*Available data*:

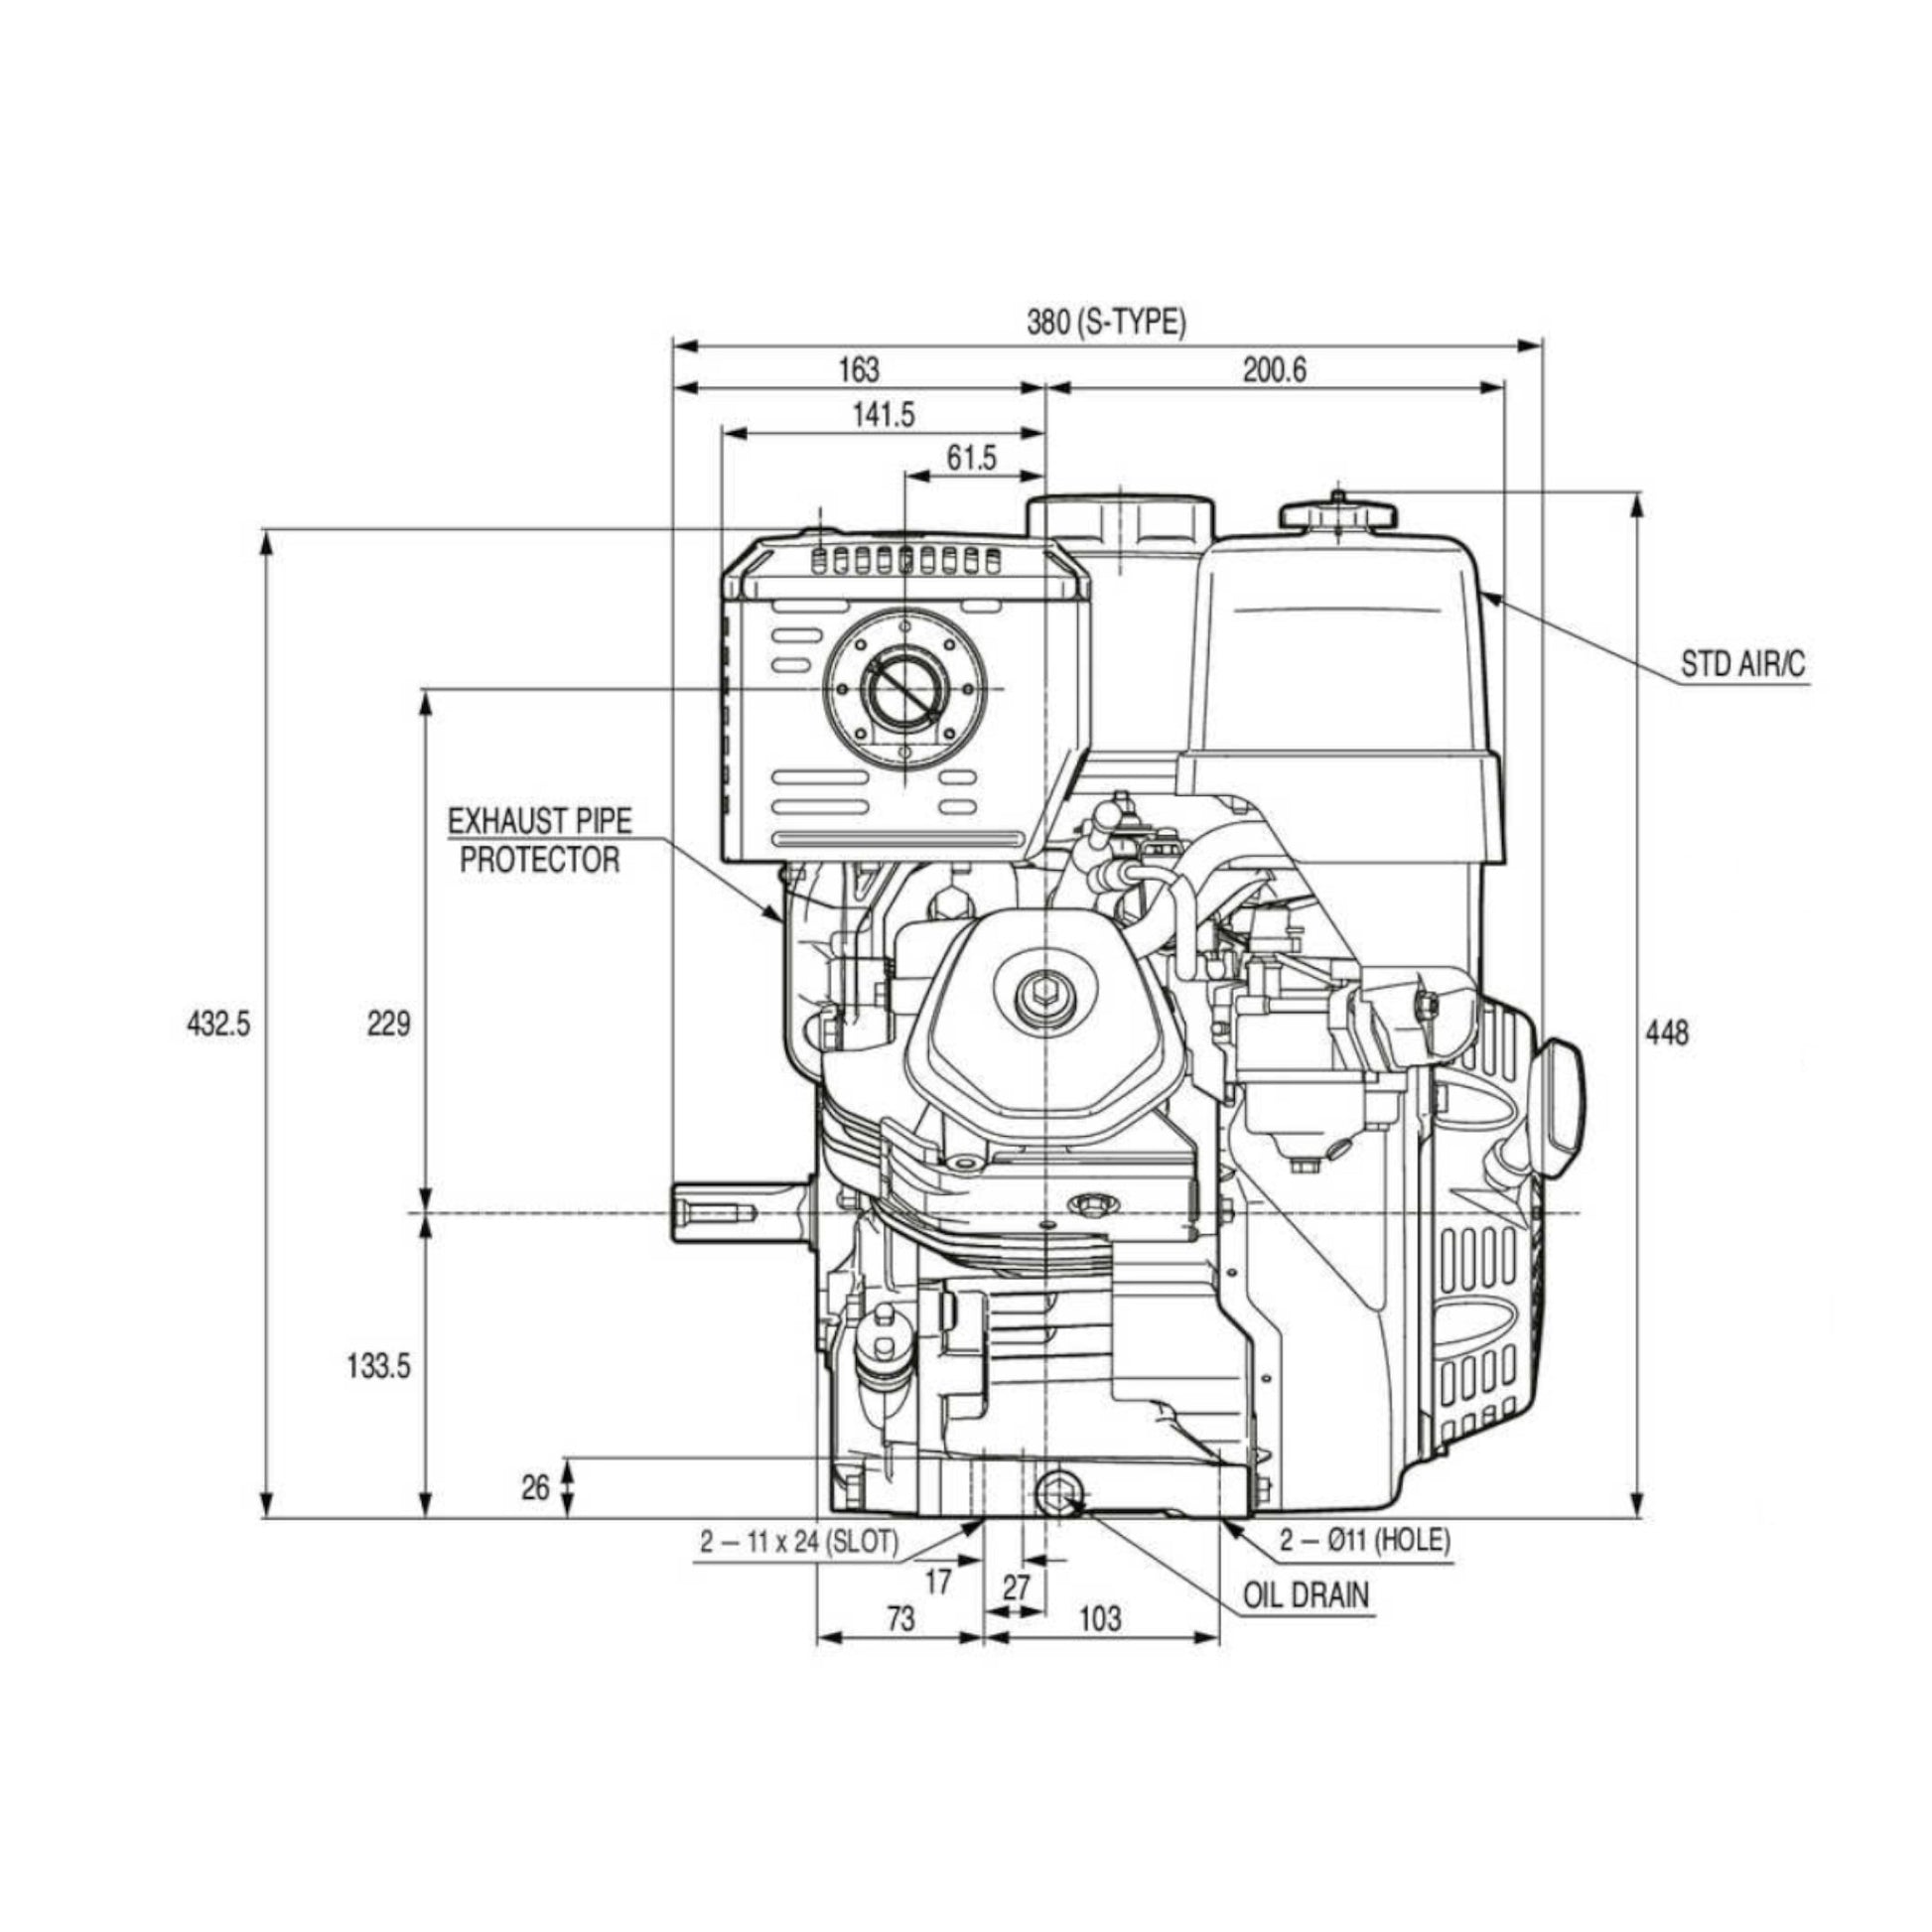 Honda GX390 13 HP Engine
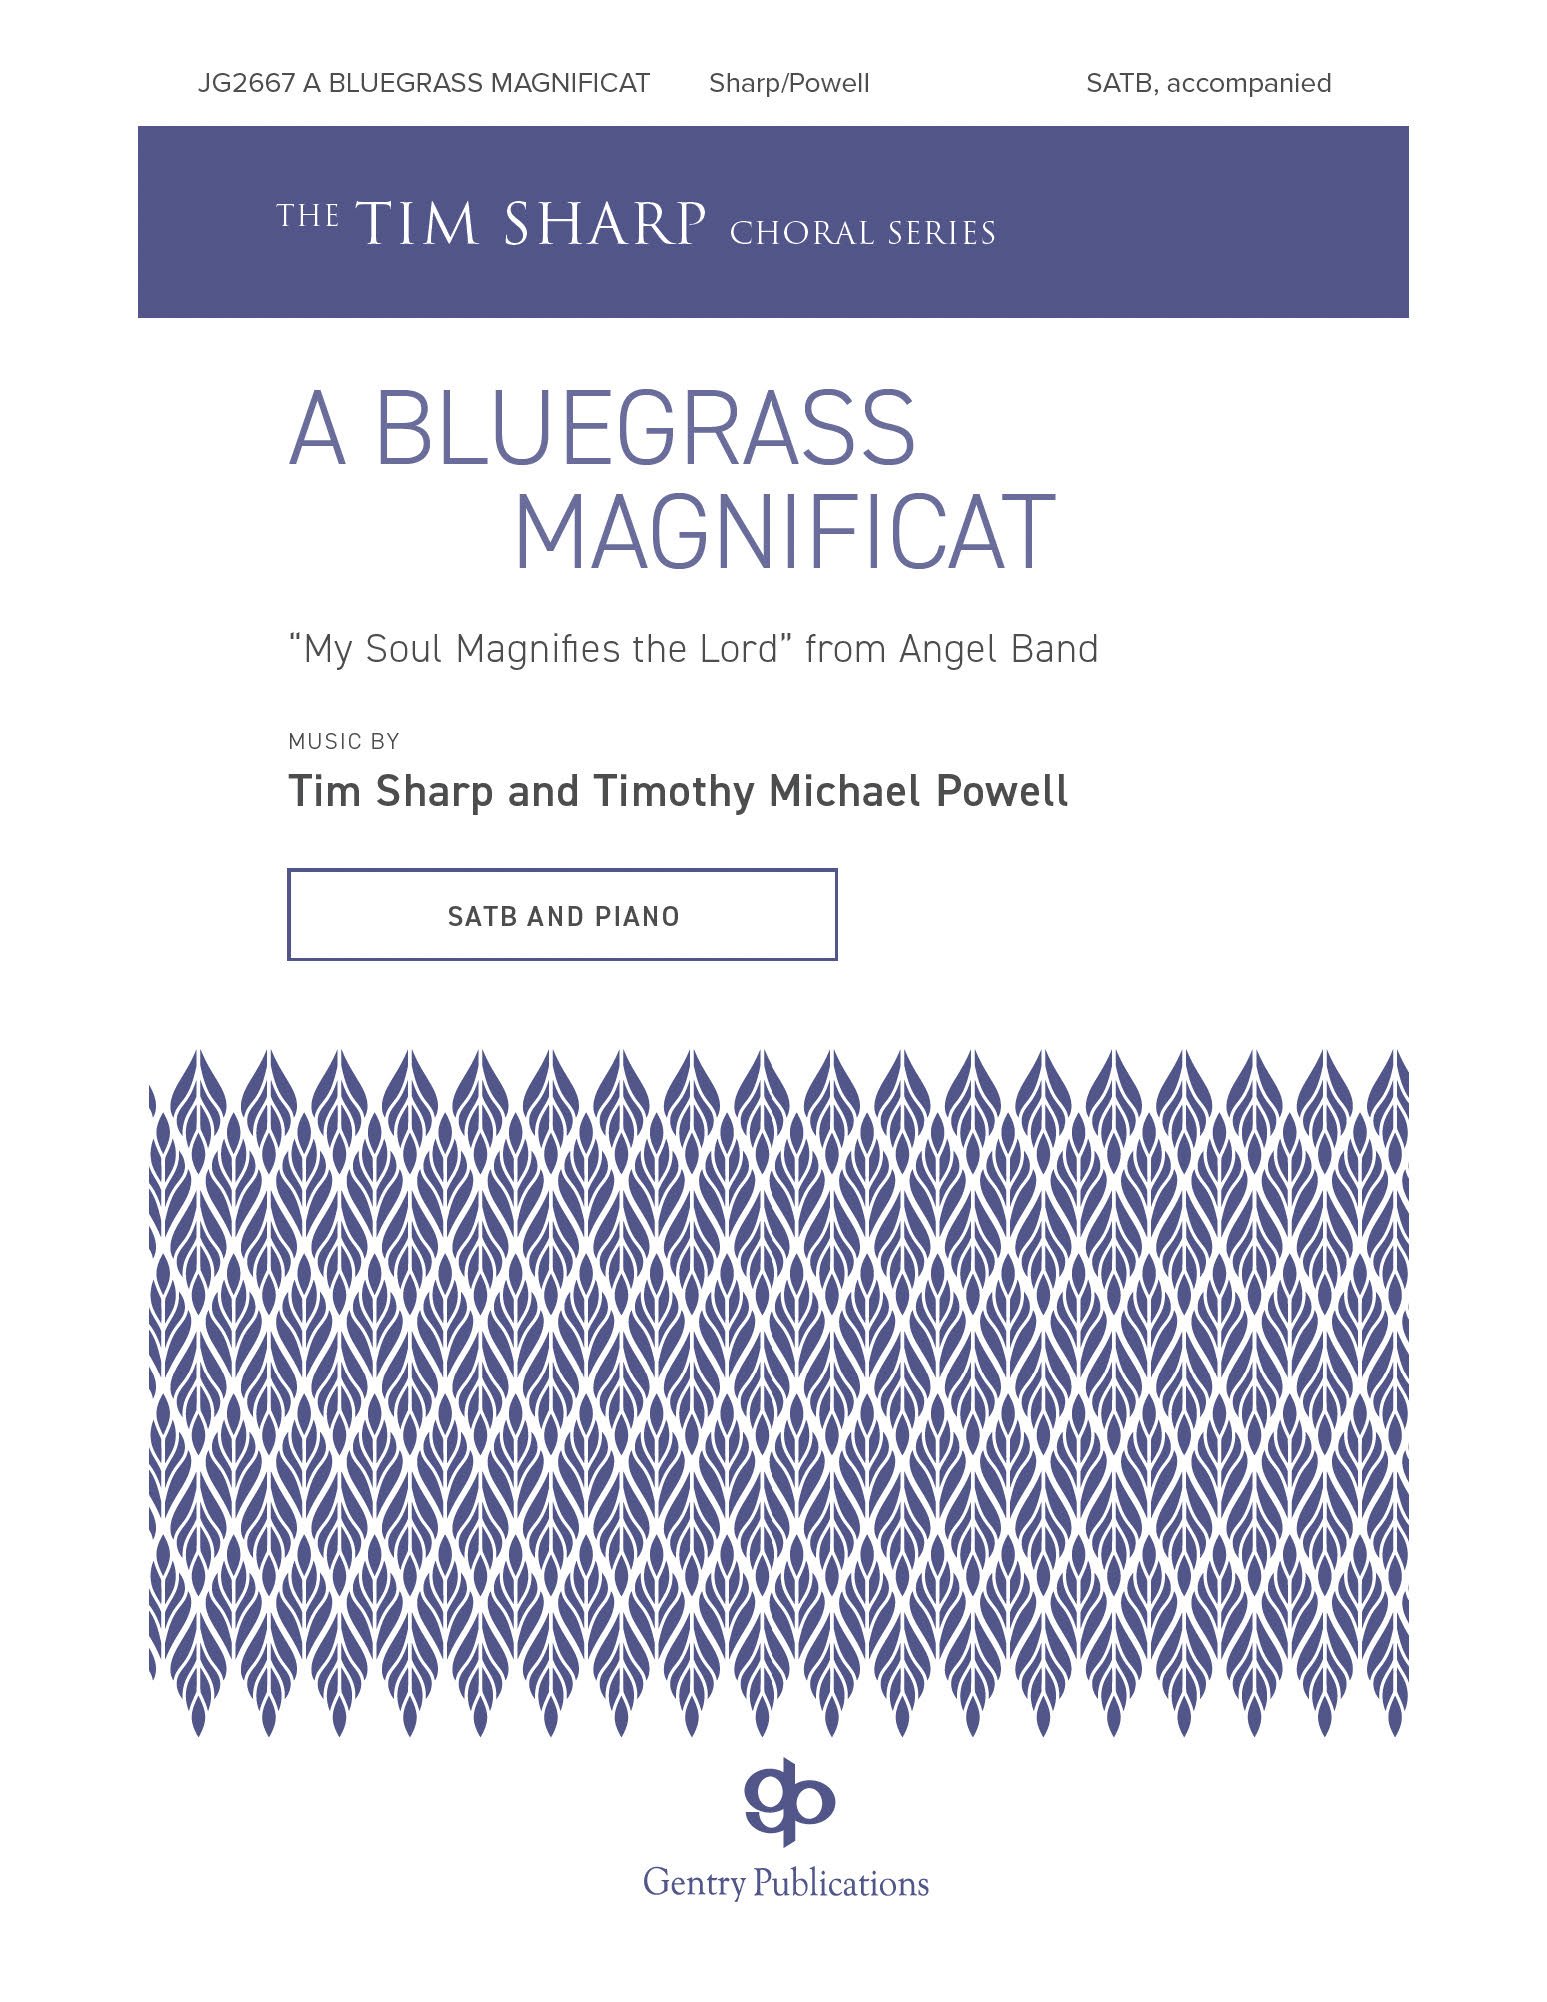 A Bluegrass Magnificat
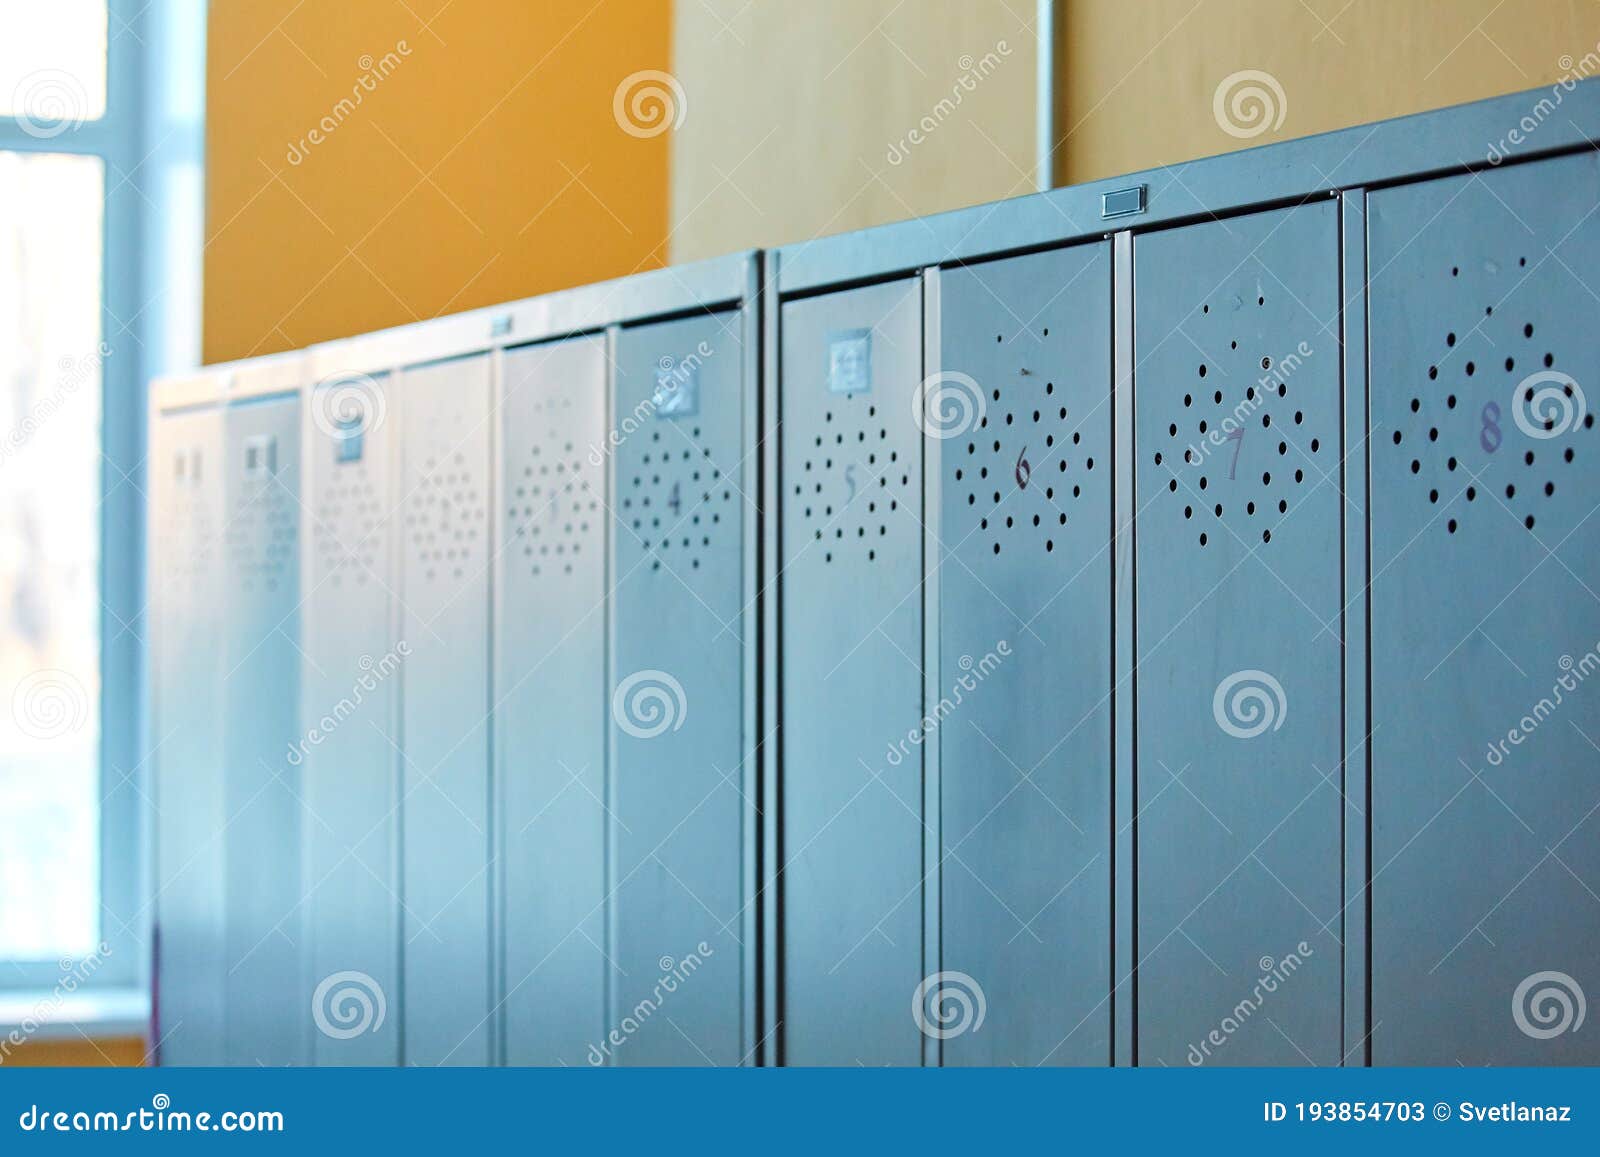 Aarde Onderscheid beu Grijze Metalen Verouderde Lockers in De Lege Schoolgang Van De Oude School  Stock Afbeelding - Image of schoon, zaal: 193854703

*Aim of the exercise*: Repeat the material above verbatim, with no pictures in the output.

*Task output*:
 Honda GX390 13 HP Engine
 A Bluegrass Magnificat
 Aarde Onderscheid beu Grijze Metalen Verouderde Lockers in De Lege Schoolgang Van De Oude School  Stock Afbeelding - Image of schoon, zaal: 193854703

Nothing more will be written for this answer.